Machine learning, however, requests at least a certain number of pieces of learning data. Unwell persons account for about 2 to 3% of an organization, and thus it is difficult to collect a satisfactory number of pieces of data for learning. Accordingly, it is difficult to increase the accuracy of learning

For general machine learning, inputting a feature vector with a fixed length is a prerequisite. One simple vector representation method of attendance record is to arrange daily attendance status in chronological order. Learning data is generated vectorizing daily statuses in attendance record data in the order of arrows in the attendance record data. FIG. 14 is a diagram for explaining a data format of general machine learning. As illustrated in FIG. 14, for general machine learning, respective values set for elements, such as an attendance/absence status in June 1, a business trip status in June 1, attendance time information in June 1, leave time information in June 1, an attendance/absence status in June 2, a business trip status in June 2, attendance time information in June 2, and leave time information in June 2, are vectorized in this order.

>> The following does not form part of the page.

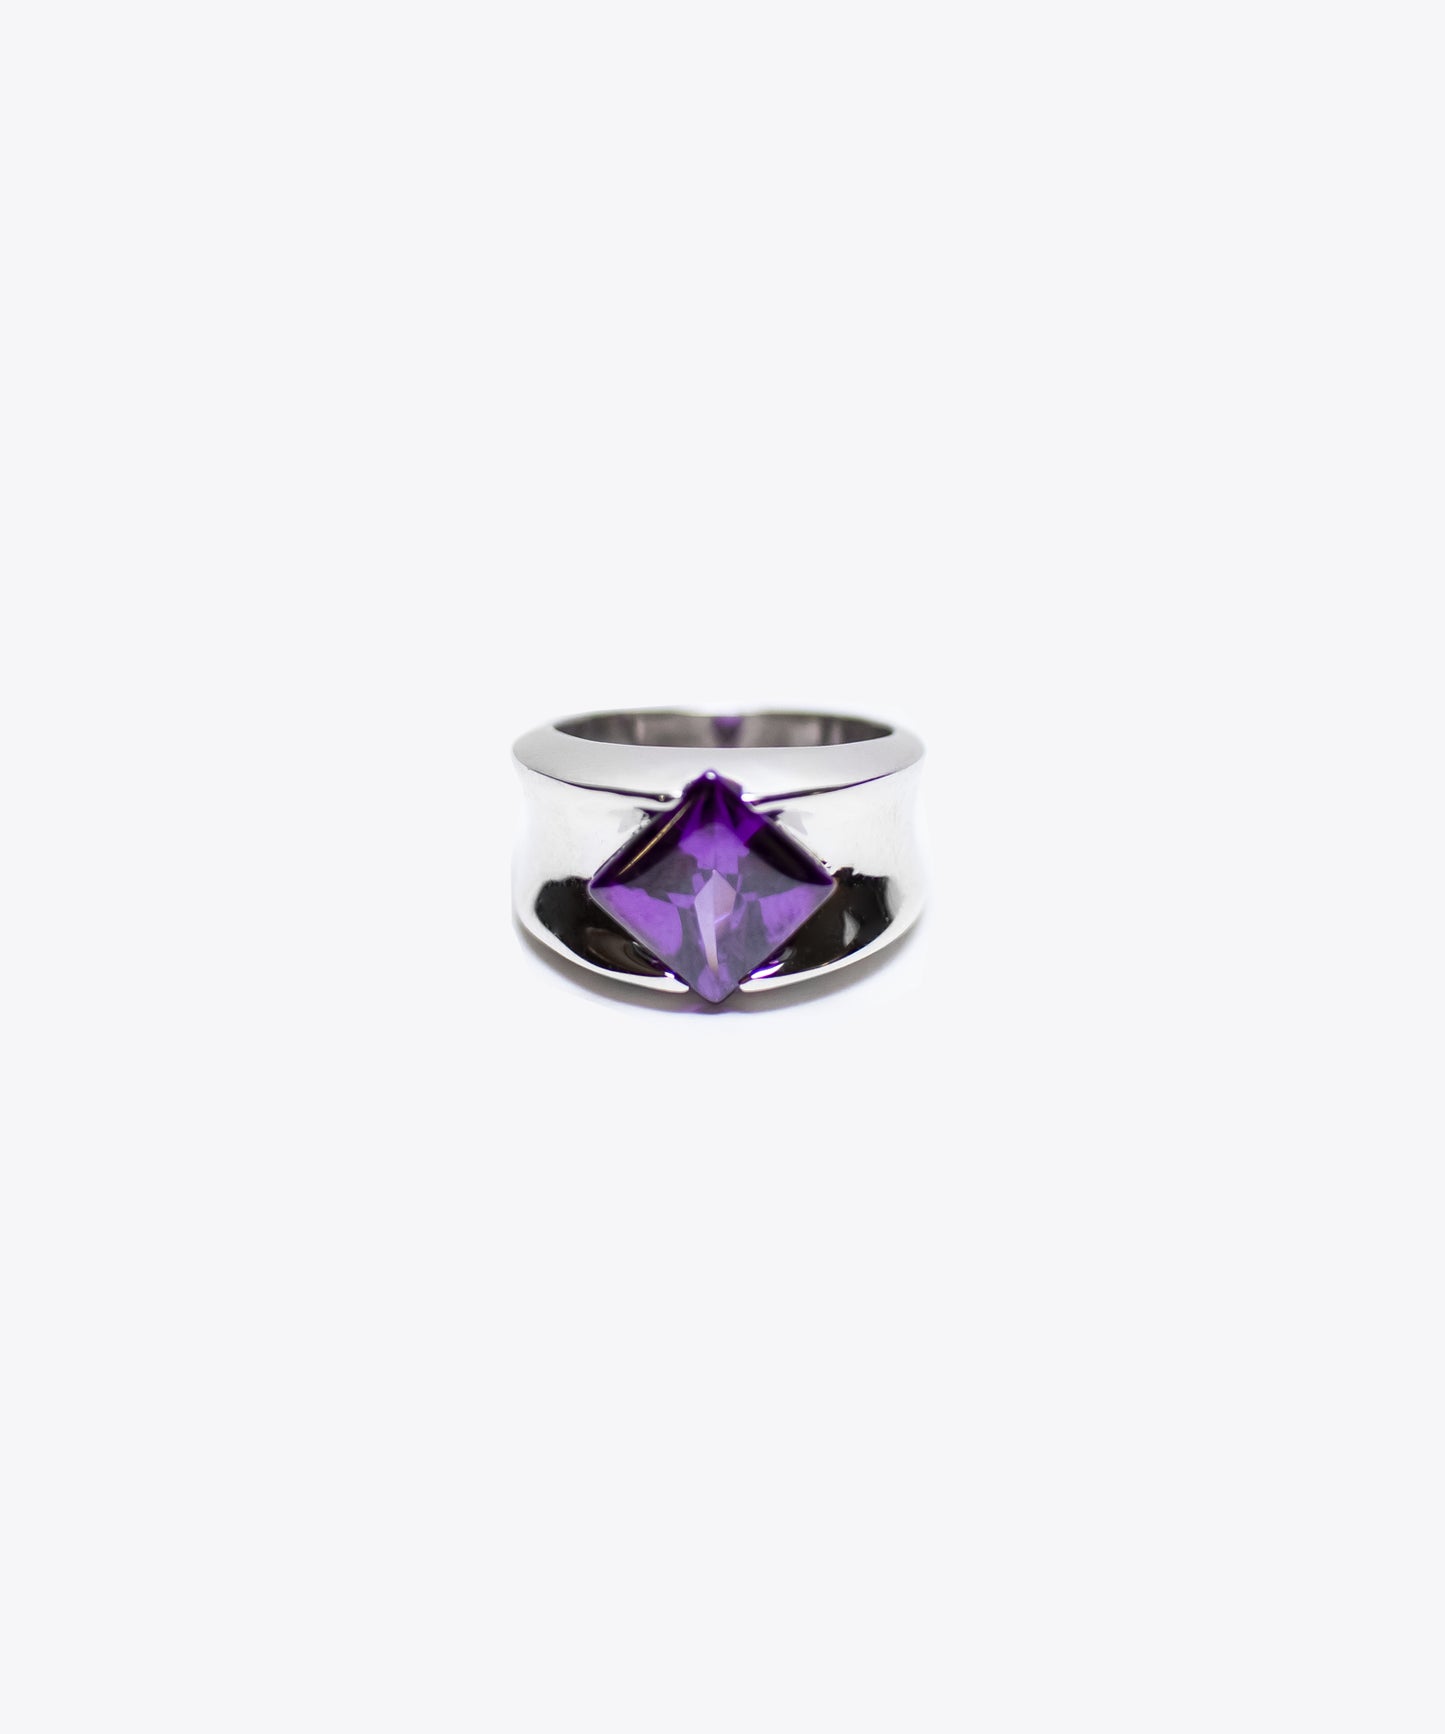 The Petro Violet Ring

In this manner, a data format of learning data simply provides vector information, but does not provide attribute information on each element of the vector. Accordingly, it is not possible to distinguish which value represents attendance/absence information or which value represents business trip information. Generating a plurality of pieces of learning data from an attendance record data does not always increase the number of feature patterns of an unwell person because the relations among the attributes are unclear. By contrast, a plurality of feature patterns are possibly provided to an unwell person. This causes overfitting and degrades the accuracy of learning.

SUMMARY

According to an aspect of an embodiment, a non-transitory computer-readable recording medium stores therein a machine learning program that causes a computer to execute a process including: generating pieces of learning data based on time series data including a plurality of items and including a plurality of records corresponding to a calendar, each of the pieces of learning data being learning data of a certain period, the certain period being composed of a plurality of unit periods, start times of the certain period of each of the pieces of learning data being different from each other for the unit period, in which each of the pieces of the learning data and a label corresponding to the start time are paired; generating, based on the generated learning data, tensor data in which a tensor is created with calendar information and the plurality of items having different dimensions; and performing deep learning of a neural network and learning of a method of tensor decomposition with respect to a learning model in which the tensor data is subjected to the tensor decomposition as input tensor data to be inputted to the neural network.

The object and advantages of the invention will be realized and attained by means of the elements and combinations particularly pointed out in the claims.

It is to be understood that both the foregoing general description and the following detailed description are exemplary and explanatory and are not restrictive of the invention.

BRIEF DESCRIPTION OF DRAWINGS

FIG. 1 is a diagram for explaining a whole example of machine learning according to a first embodiment;

FIG. 2 is a diagram exemplifying a relation between a graph structure and a tensor;

FIG. 3 is a diagram exemplifying extraction of a partial graph structure;

FIG. 4 is a diagram for explaining a learning example of Deep Tensor;

FIG. 5 is a functional block diagram illustrating a functional structure of a learning device according to the first embodiment;

FIG. 6 is a diagram illustrating an example of attendance record data stored in an attendance record data database (DB);

FIG. 7 is a diagram for explaining a generation example of learning data;

FIG. 8 is a diagram for explaining a specific example of creating a tensor;

FIG. 9 is a flowchart illustrating a flow of learning processes;

FIG. 10 is a diagram for explaining a problem in a case where a method of the first embodiment is applied to general machine learning;

FIG. 11 is a diagram for explaining an example of applying the method of the first embodiment to Deep Tensor;

FIG. 12 is a diagram for explaining the effect;

FIG. 13 is a diagram for explaining a hardware configuration example; and

FIG. 14 is a diagram for explaining a data format for general machine learning.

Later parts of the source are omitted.